X1 = 1.00000E+06 X2 = 0.00000E+00

As we see the second root has suffered a total precision loss. The right answer is that x₂ is about 10^-6. The naive method is numerically unstable.

Task: do it better.

Ada

<ada> with Ada.Text_IO; use Ada.Text_IO; with Ada.Numerics.Elementary_Functions; use Ada.Numerics.Elementary_Functions;

procedure Quadratic_Equation is

  type Roots is array (1..2) of Float;
  function Solve (A, B, C : Float) return Roots is
     SD : constant Float := sqrt (B**2 - 4.0 * A * C);
     X  : Float;
  begin
     if SD > 0.0 xor B > 0.0 then
        X := (- B + SD) / 2.0 * A;
        return (X, C / (A * X));
     else
        X := (- B - SD) / 2.0 * A;
        return (C / (A * X), X);
     end if;
  end Solve;

  R : constant Roots := Solve (1.0, -10.0E5, 1.0);

begin

  Put_Line ("X1 =" & Float'Image (R (1)) & " X2 =" & Float'Image (R (2))); 

end Quadratic_Equation; </ada> Here precision loss is prevented by checking signs of operands. On errors, Constraint_Error is propagated on numeric errors and when roots are complex.
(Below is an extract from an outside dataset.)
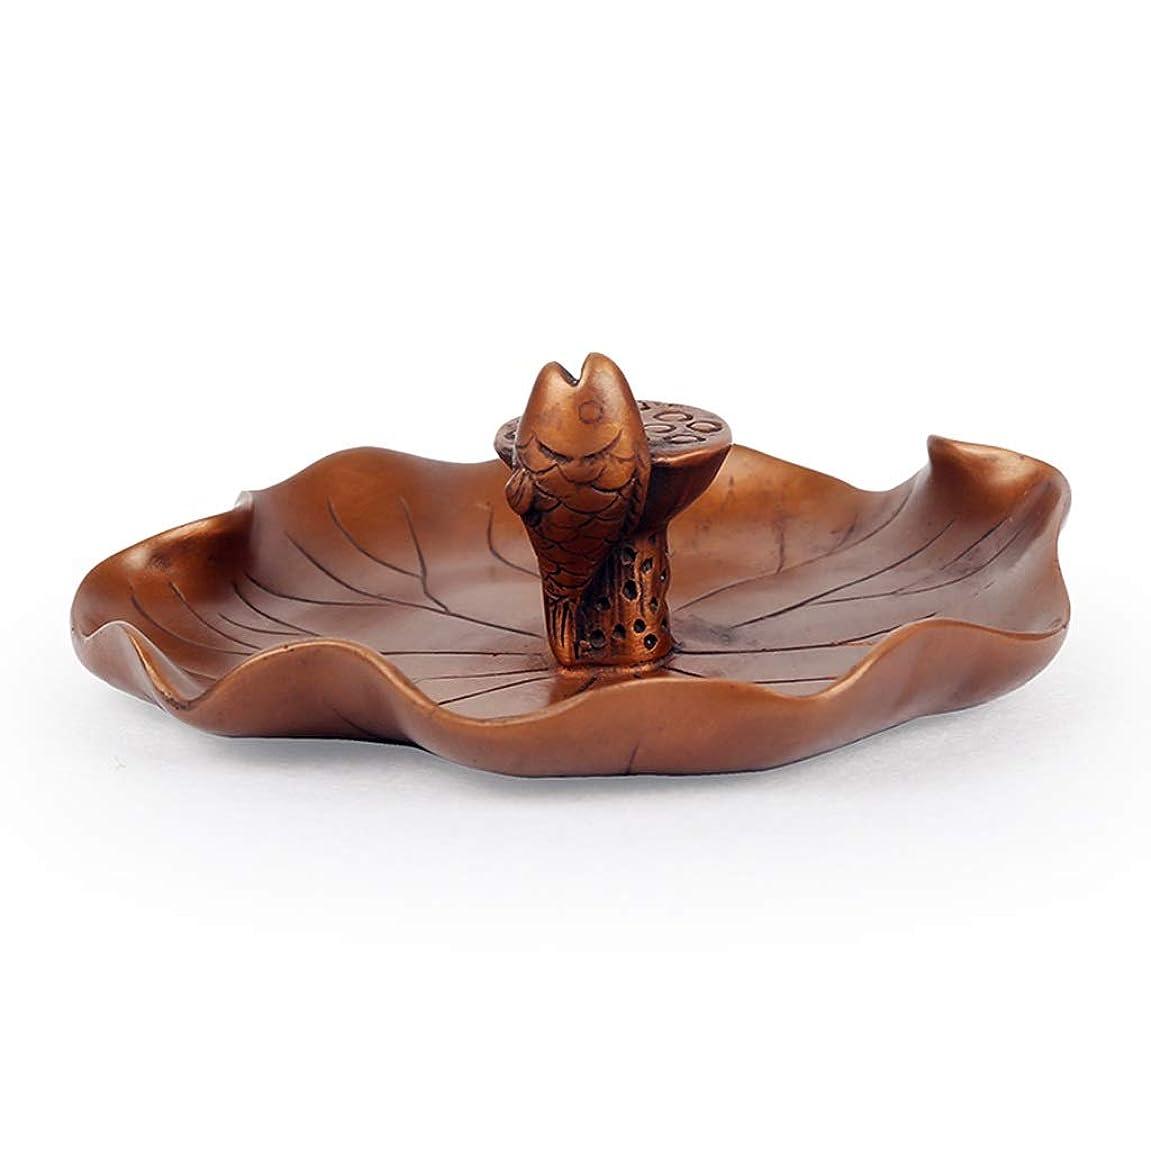 パテ見る人タンザニアホームアロマバーナー 還流香炉ホーム香りの良い禅禅ラッキー鑑賞新しいクリエイティブアガーウッド香バーナー装飾 アロマバーナー (Color : Brass)

Sample output:

X1 = 1.00000E+06 X2 = 1.00000E-06

J

J has a built-in polynomial solver:

   p.

Example (using inputs from other solutions):

   coeff =. _3 |.\ 3 4 4r3   3 2 _1   3 2 1
   > {:"1 p. coeff
         _0.666667           _0.666667
                _1            0.333333
_0.333333j0.471405 _0.333333j_0.471405

Of course this generalizes to polynomials of any order.

Fortran

PROGRAM QUADRATIC

  IMPLICIT NONE
  REAL :: a, b, c, e, discriminant, rroot1, rroot2
  COMPLEX :: croot1, croot2
 
  WRITE(*,*) "Enter the coefficients of the equation ax^2 + bx + c"
  WRITE(*, "(A)", ADVANCE="NO") "a = "
  READ *, a
  WRITE(*,"(A)", ADVANCE="NO") "b = "
  READ *, b
  WRITE(*,"(A)", ADVANCE="NO") "c = "
  READ *, c
  WRITE(*,"(3(A,F10.6))") "Coefficients are: a=", a, "   b=", b, "   c=", c
 
  e = 1e-5
  discriminant = b*b - 4*a*c
 
  IF (ABS(discriminant) < e) THEN
     rroot1 = -b / (2*a)
     WRITE(*,*) "The roots are real and equal:"
     WRITE(*,*) "Root=", rroot1
  ELSE IF (discriminant > 0) THEN
     rroot1 = (-b + SQRT(discriminant)) / (2*a)
     rroot2 = (-b - SQRT(discriminant)) / (2*a)
     WRITE(*,*) "The roots are real:"
     WRITE(*,*) "Root1=", rroot1, " Root2=", rroot2
  ELSE
     croot1 = (-b + SQRT(CMPLX(discriminant))) / (2*a)	
     croot2 = CONJG(croot1)
     WRITE(*,*) "The roots are complex:"
     WRITE(*,*) "Root1=", croot1, " Root2=", croot2
  END IF

END PROGRAM QUADRATIC

Sample output

Coefficients are: a=  3.000000   b=  4.000000   c=  1.333333
The roots are real and equal:                    
Root=   -0.666667 

Coefficients are: a=  3.000000   b=  2.000000   c= -1.000000
The roots are real:
Root1=    0.333333    Root2=    -1.00000 

Coefficients are: a=  3.000000   b=  2.000000   c=  1.000000
The roots are complex:
Root1= (-0.33333,0.47140)  Root2= (-0.33333,-0.47140)

Python

No attempt is made to categorize the type of output as this is not mentioned as being part of the task. <python>>>> def quad_roots(a,b,c): a,b,c =complex(a), complex(b), complex(c) discriminant = b*b - 4*a*c root1 = (-b + discriminant**0.5)/2./a root2 = (-b - discriminant**0.5)/2./a return root1, root2

>>> for coeffs in ((3, 4, 4/3.), (3, 2, -1), (3, 2, 1)): print "a, b, c =", coeffs print " (root1, root2) =", quad_roots(*coeffs)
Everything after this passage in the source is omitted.